#### Source data:
------------

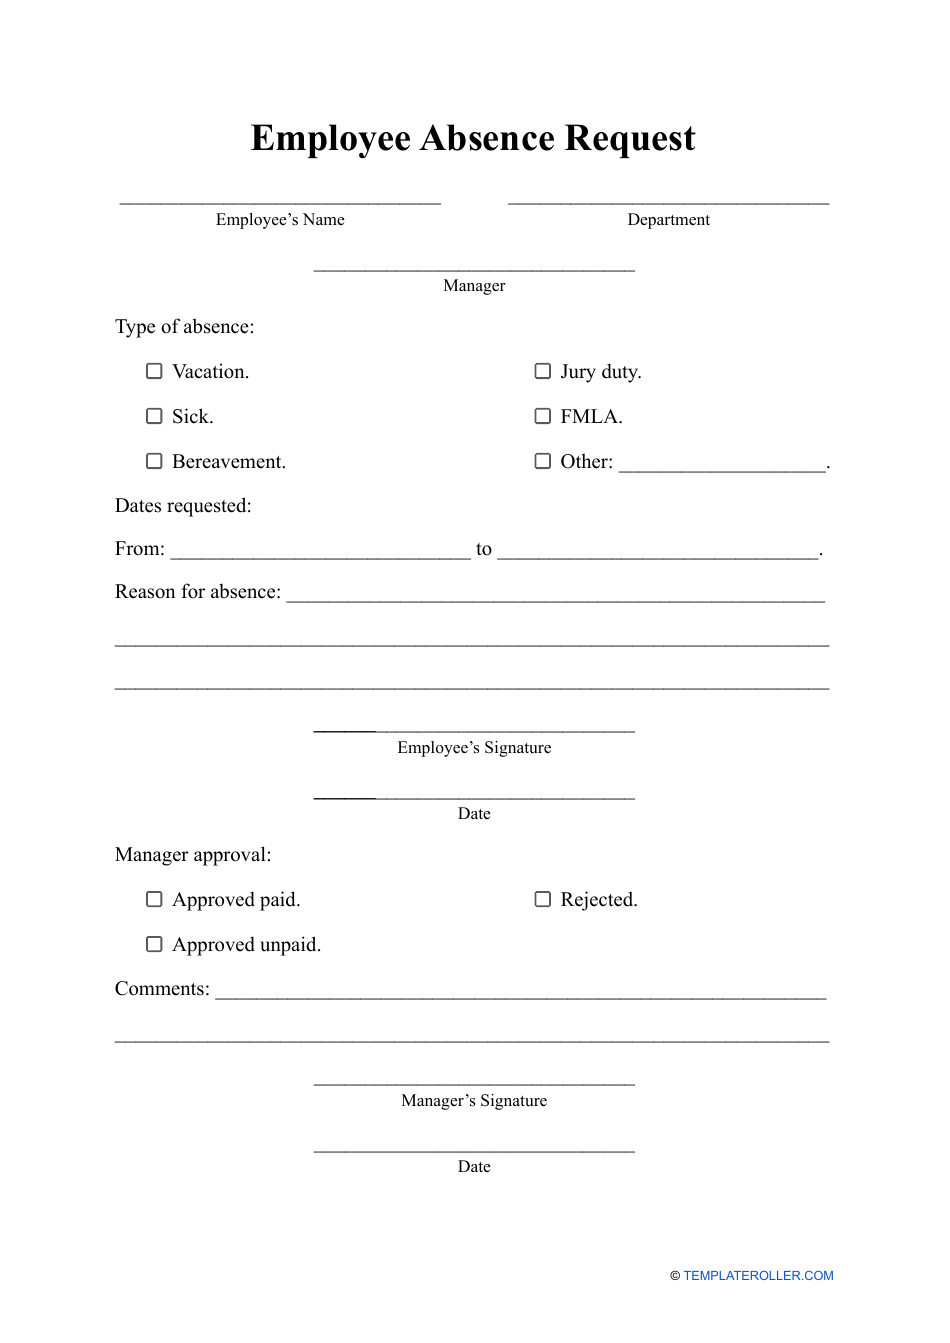 Employee Absence Request Form, Page 1
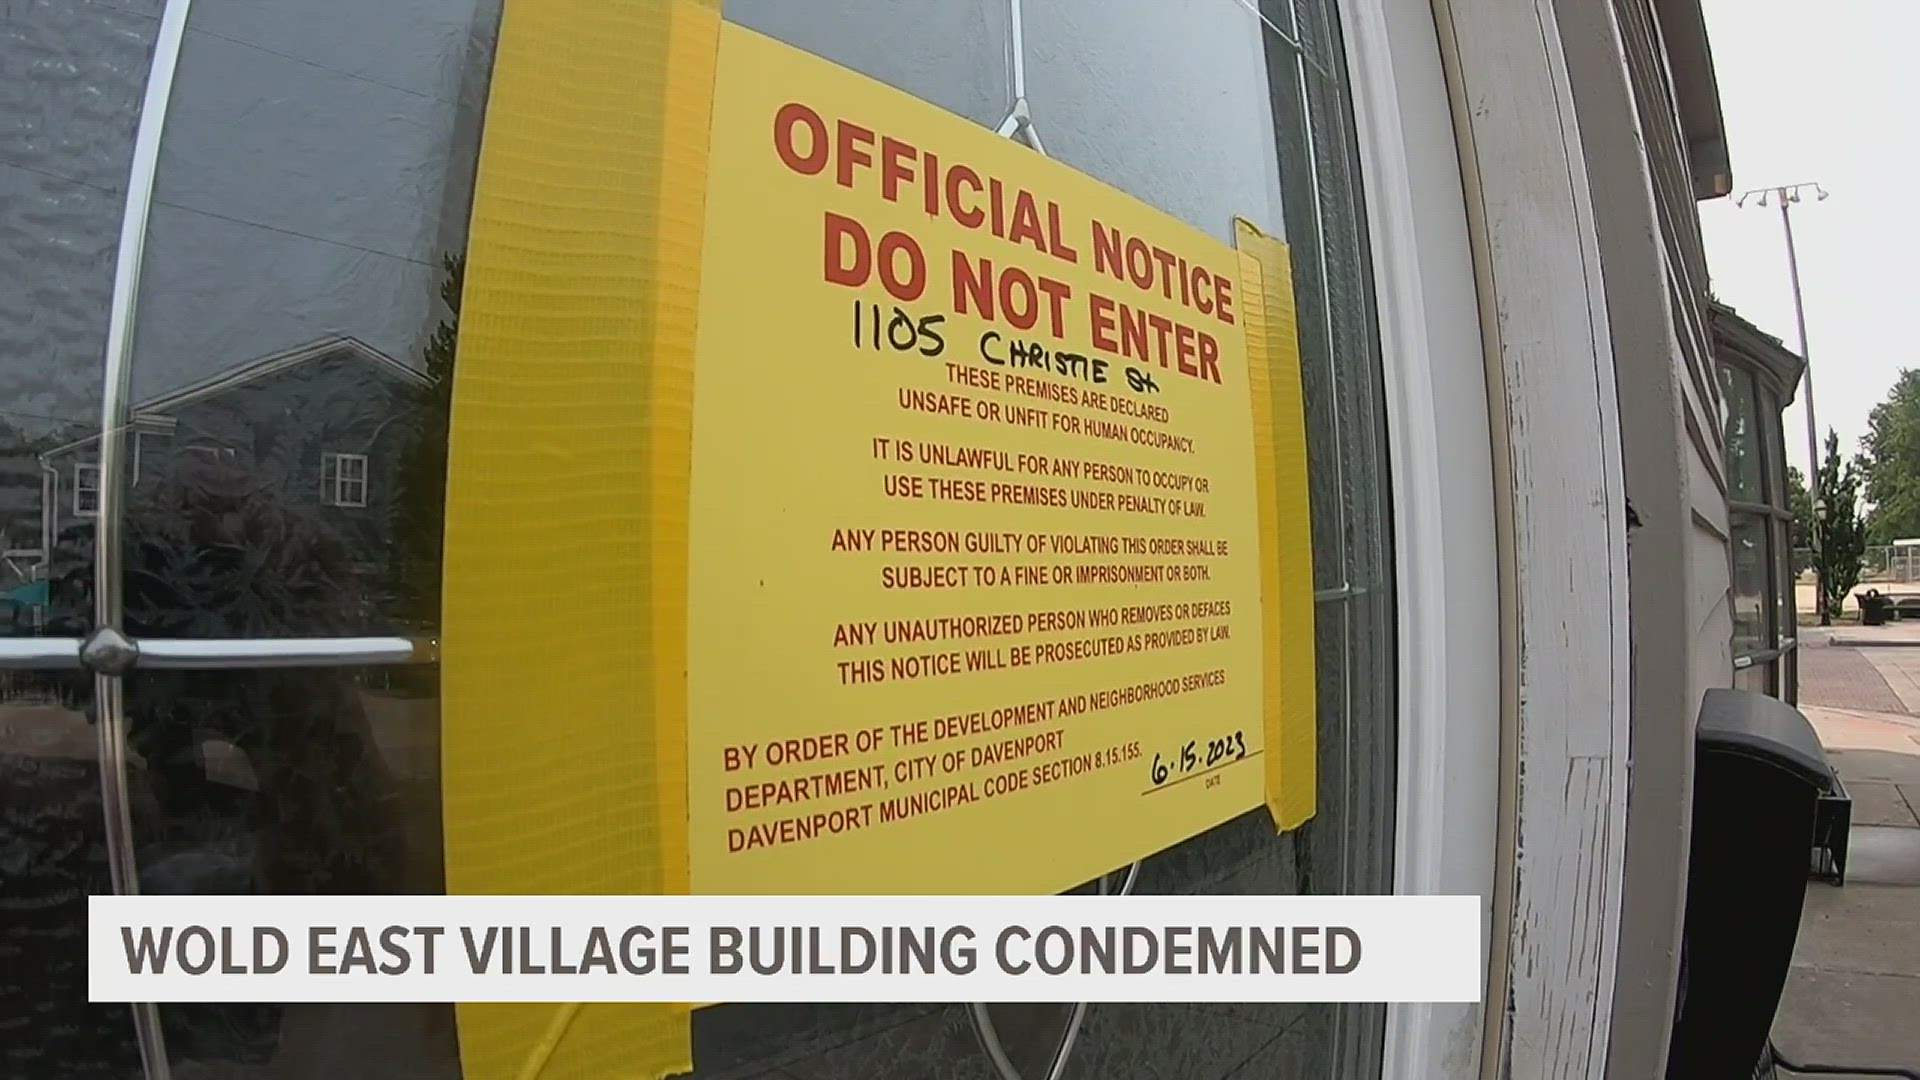 The building on 11th and Christie Street, run by the same owner of the collapsed building in downtown Davenport, is condemned just 10 days after News 8 covered it.
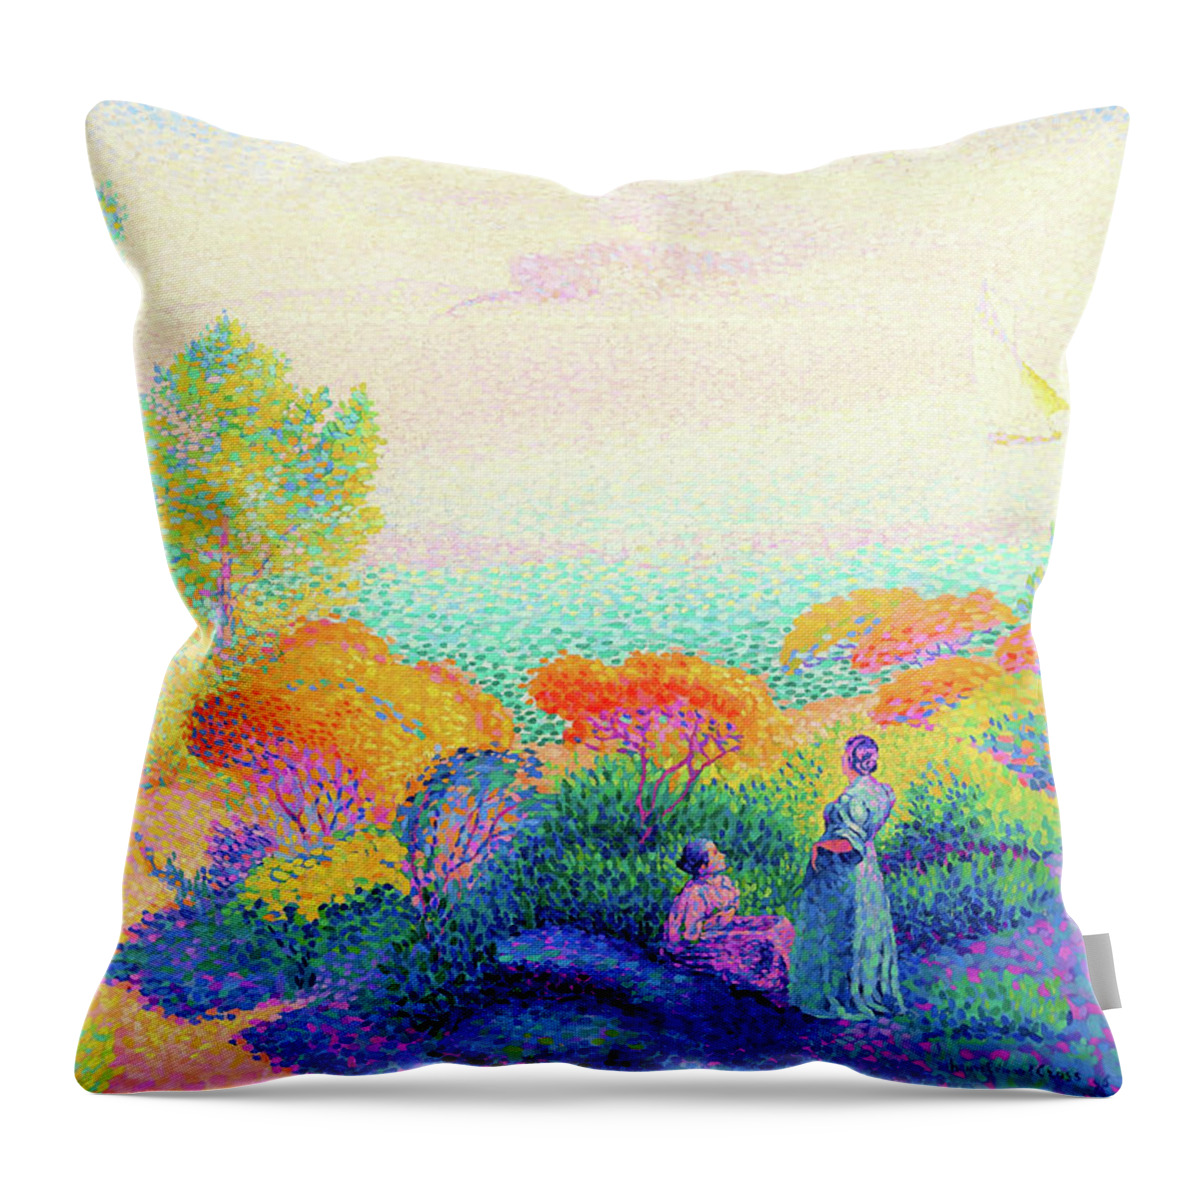 Two Women By The Shore Throw Pillow featuring the painting Two Women by the Shore, Mediterranean - Digital Remastered Edition by Henri Edmond Cross

------------

#### Problem to work on:
Set down the material above exactly. Skip any picture.

#### Solution to the exercise:
 Employee Absence Request Form, Page 1
 The building on 11th and Christie Street, run by the same owner of the collapsed building in downtown Davenport, is condemned just 10 days after News 8 covered it.
 Two Women By The Shore Throw Pillow featuring the painting Two Women by the Shore, Mediterranean - Digital Remastered Edition by Henri Edmond Cross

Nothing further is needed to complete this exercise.